Внутри «Фирмы» выглядело почти как любой высокотехнологичный офис: чисто, стильно и с корпоративной атмосферой. Вход осуществлялся по электронным считывателям, проводя удостоверения личности. Я направился к главной стойке регистрации, где за толстым пуленепробиваемым стеклом сидели две женщины.
«Я здесь, чтобы увидеть мистера Линна».
«Не могли бы вы это заполнить?» Старший просунул гроссбух через щель под стеклом.

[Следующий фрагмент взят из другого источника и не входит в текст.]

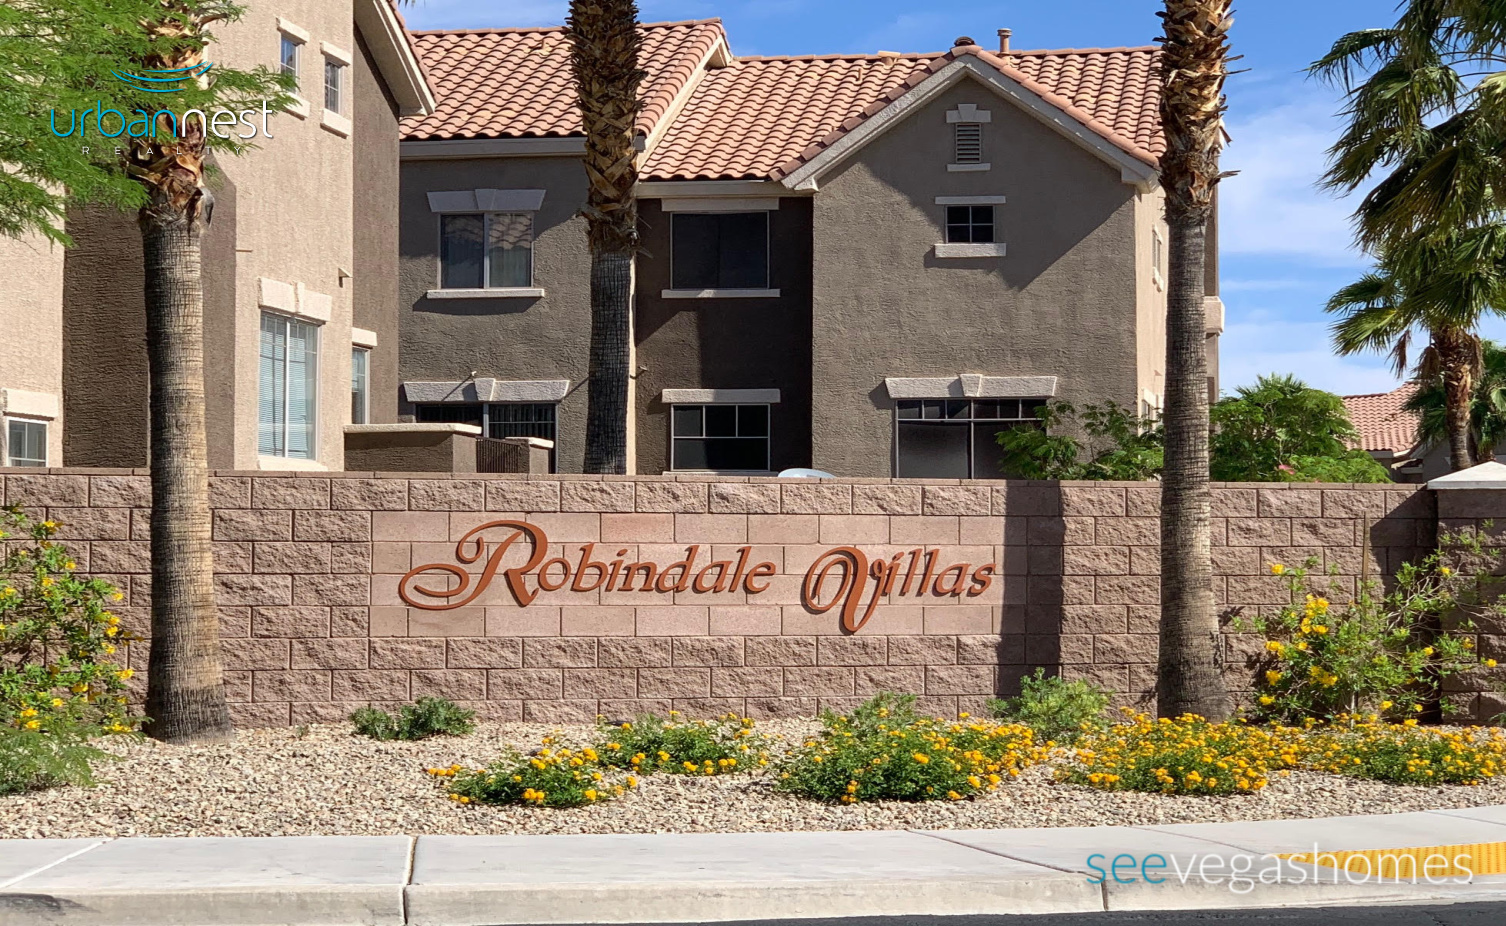 Robindale_Villas_Townhomes_Henderson_NV_89074_SeeVegasHomes

Пока я расписывался в двух полях, она взяла телефон. «Кто здесь, сказать?»
«Меня зовут Ник». У меня даже не было от них никаких документов для прикрытия с тех пор, как я облажался в Вашингтоне, только моё собственное прикрытие, о котором, как я надеялся, они никогда не узнают. Я организовал его на случай, если придёт время исчезнуть, а это чувство возникало у меня как минимум раз в месяц.
На главной книге были отрывные этикетки. Одна половина была оторвана и вложена в пластиковый конверт, который нужно было прикрепить булавкой. Мой был синего цвета с надписью «Сопровождаем везде».
Женщина повесила трубку и указала на ряд мягких кресел.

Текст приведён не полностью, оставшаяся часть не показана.